Fight Recency Bias by Looking at the Long Term

When a bull market ends, people fear that stock prices will never stop falling. This is an example of recency bias, Matson says, a tendency to forget events that preceded recent history. Recency bias and herding behavior often go hand in hand, which gets investors into trouble.

Bear markets do not last forever. Sam Stovall, chief investment strategist at CFRA Research, notes that since the end of World War II in 1945, the S&P 500 Index has experienced nine bear markets, which he defines as a drop in stock prices by 20% to 40%. On average, it took the S&P 500 14 months to come back to break even from its lowest level.

"Take a look at a long-term chart and see if you can find the 1987 crash. People will be very surprised as to how small it is in the grand scheme of things," Stovall says. He recommends investors refrain from looking at their portfolios daily as a way to fight recency bias.

Bouchard says herd mentality and recency bias are why it is difficult to be a true contrarian investor. "People who can (be a contrarian) are extremely successful and are able to take advantage of the bear market," she says.

Bob Schneider, wealth advisor at Johnson Financial Group, says recency bias afflicts people no matter the time frame. He notes that early in the year, it was difficult to get clients to rebalance by selling equities after a strong performance in 2019. For investors wanting to take action that will yield future benefits, he suggests converting some traditional individual retirement account assets to a Roth IRA so that the converted assets will rebound tax-free.

Fight Knee-Jerk Reactions by Preparing for the Future

People are dealing with a lot of uncertainty today, says John Riddle, chief investment officer at 361 Capital. They wonder when cases of COVID-19 might peak, if the recession will worsen or when the markets will stabilize. Uncertainty like this is different from risk, he says.

According to Riddle, "You can manage risk by using different securities and derivatives, but managing uncertainty is really hard because you can't really weigh the costs and the benefits." He adds that this is when professional investors must re-examine their long-term objectives.

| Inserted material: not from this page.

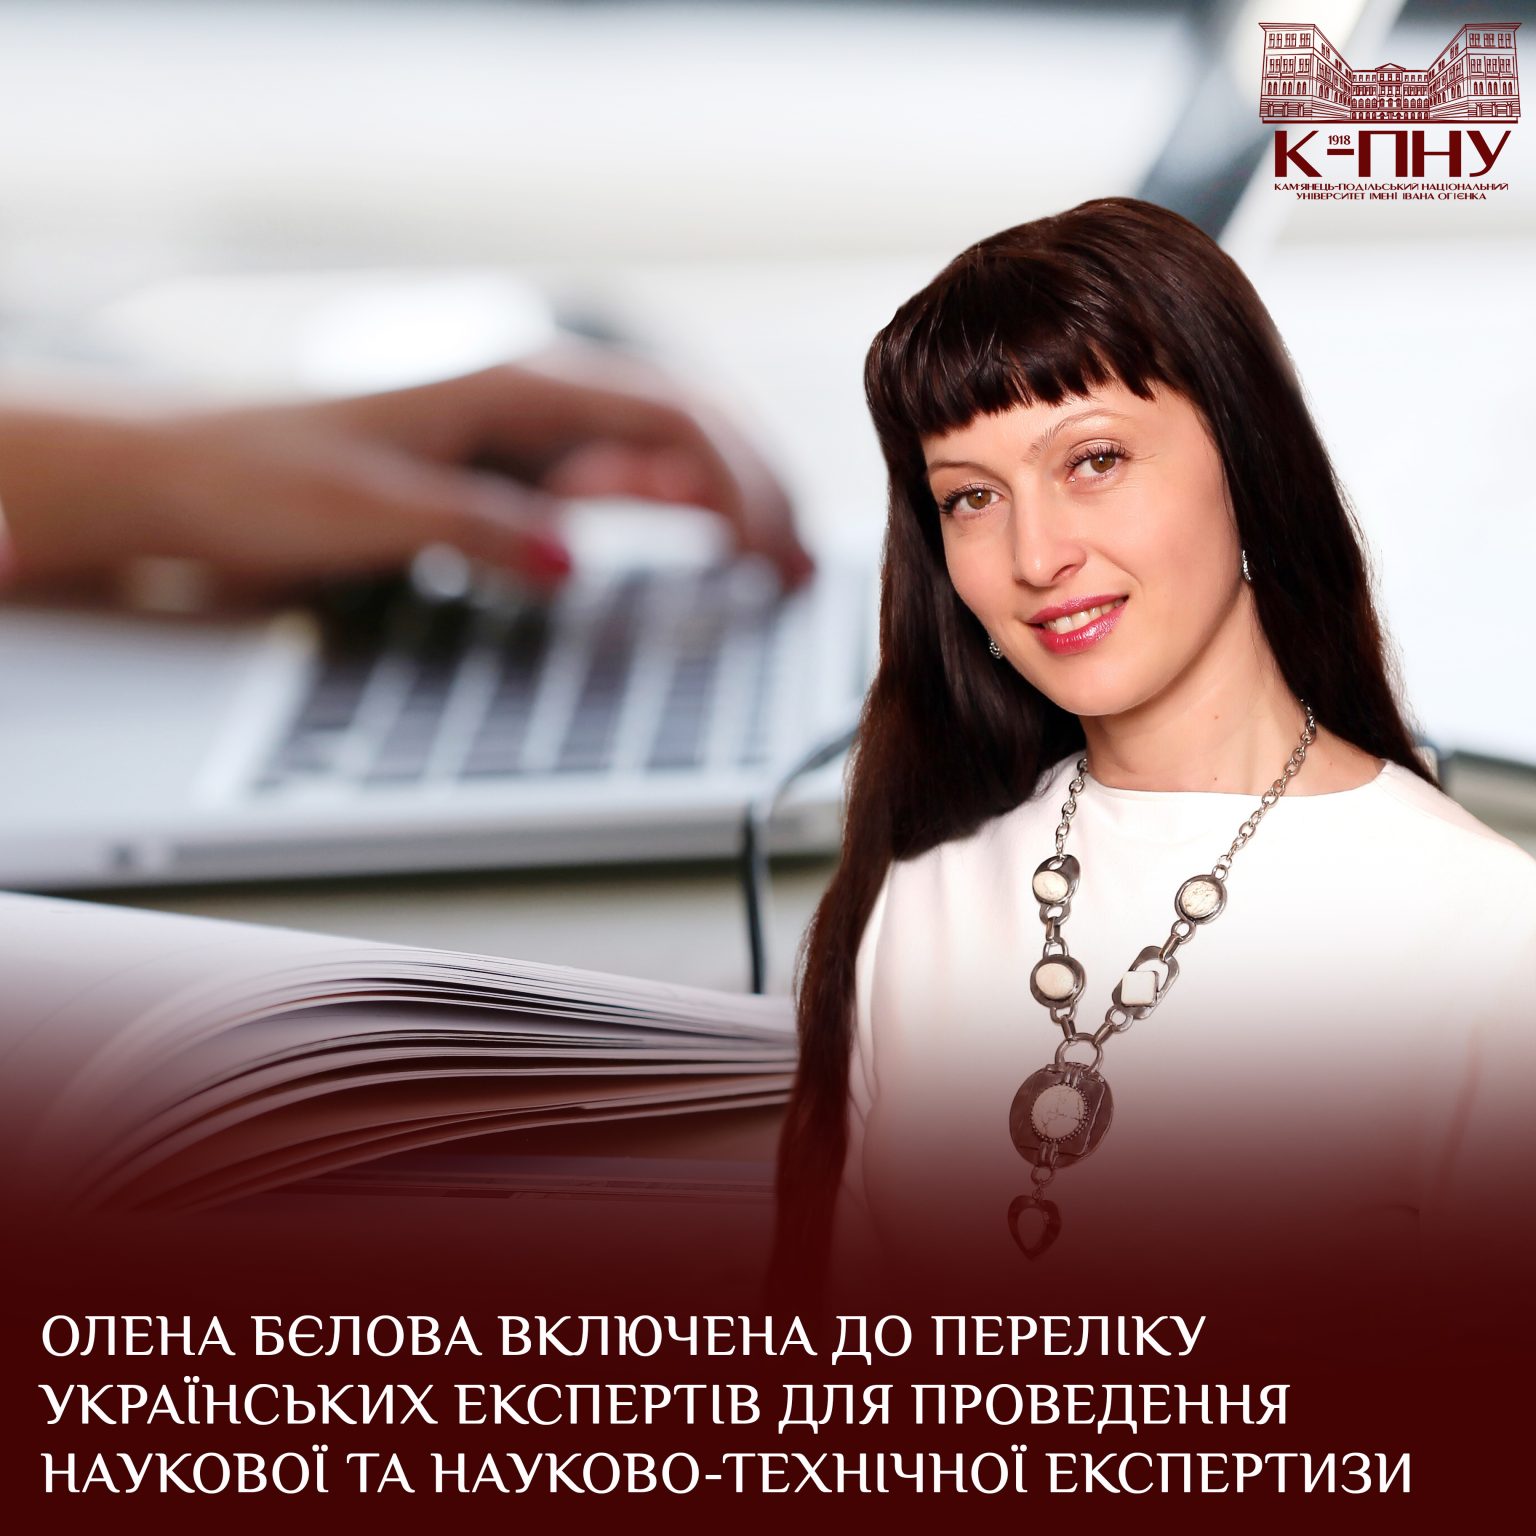 Олена Бєлова включена до переліку українських експертів для проведення наукової та науково-технічної експертизи
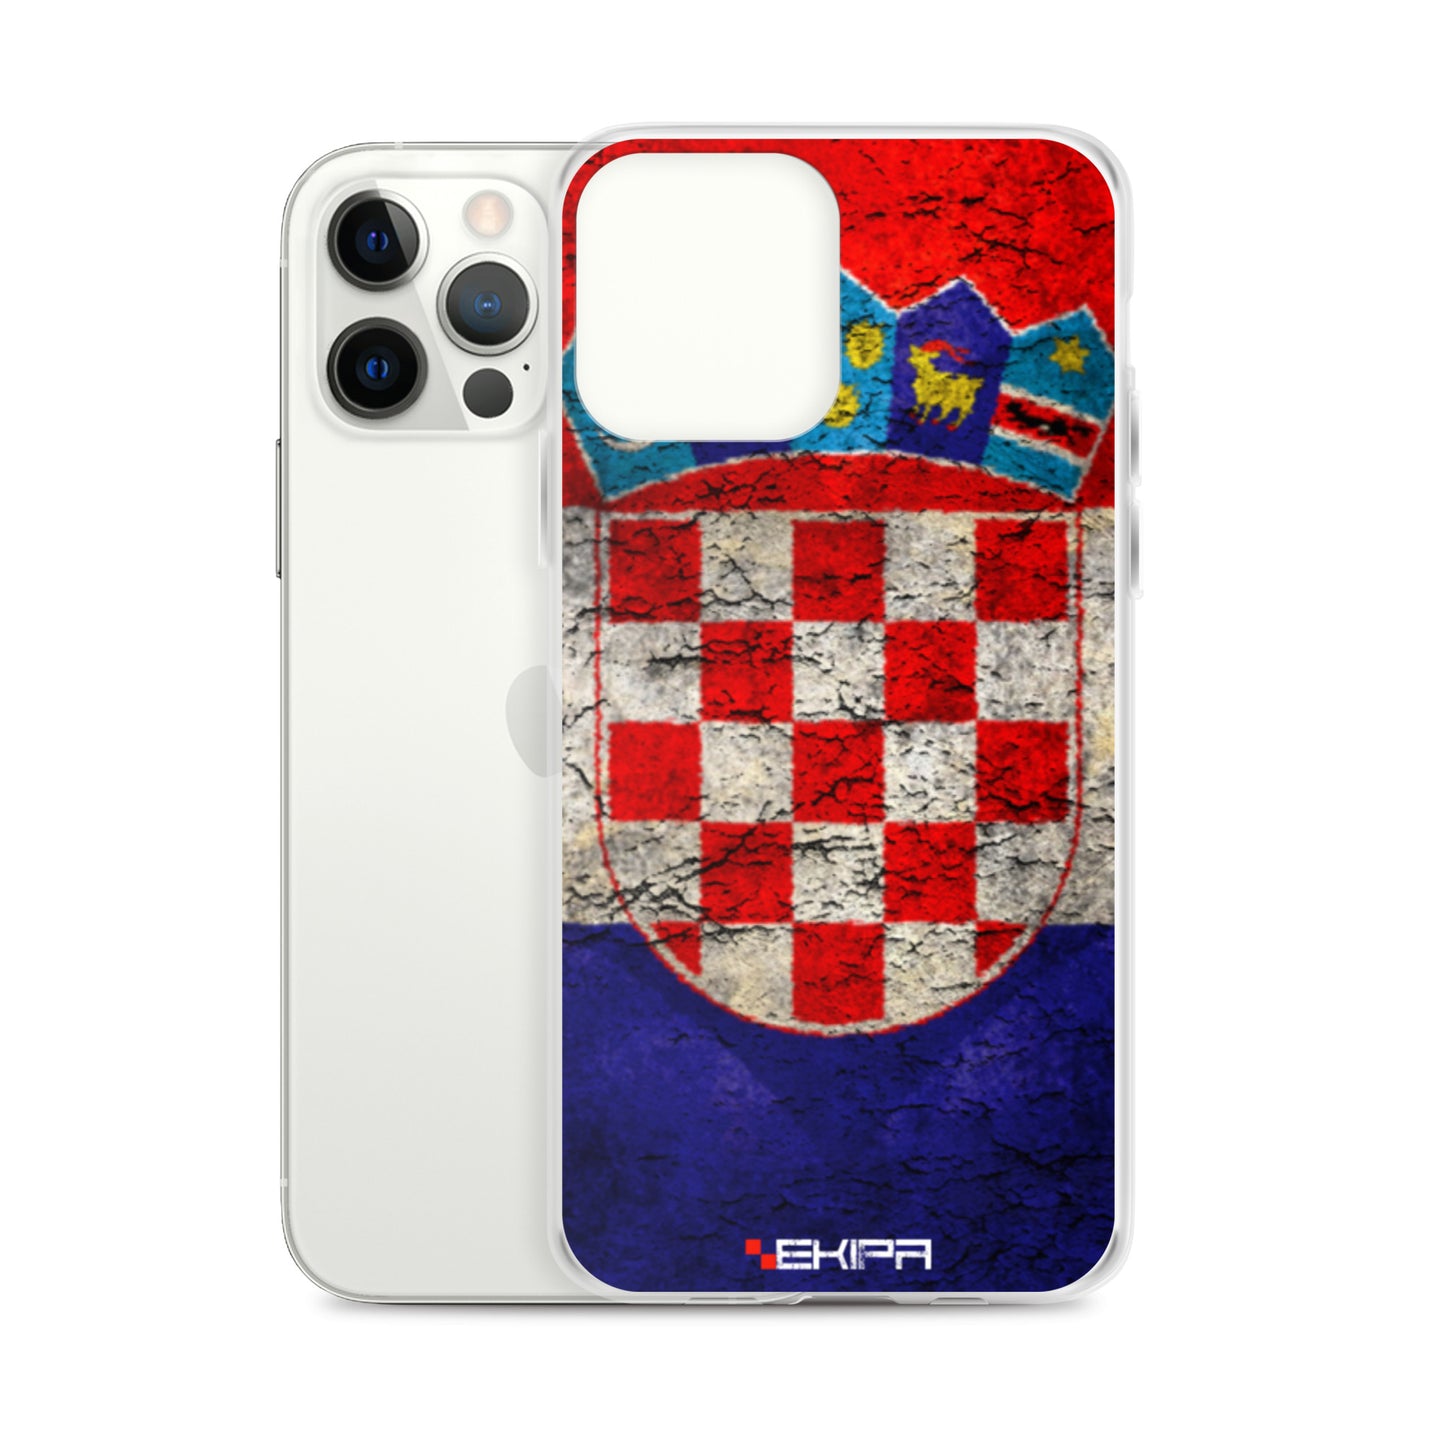 "Croatia" - iPhone case

[READ: How to Prep Your Portfolio in a Recession.]

Volatility is part of investing. People can't control price swings, but they can control how they react to them. Matson says now is a good time for investors to review their risk tolerance. When people fill out risk-tolerance questionnaires during a bull market, it is difficult for them to imagine what state their brain might be in during a bear market, he adds. Now is the time for investors to contemplate the purpose of their investments and write down their goals.

Lamas and Wendel say it is a good time to start writing a plan or a precommitment letter when investors are feeling calm.

"Write a letter to your future self. Write down what you plan to do during market volatility, but also write down why you're investing in the first place," Lamas says. "What are your values? Why are you going to all of this trouble to invest and save for the future?"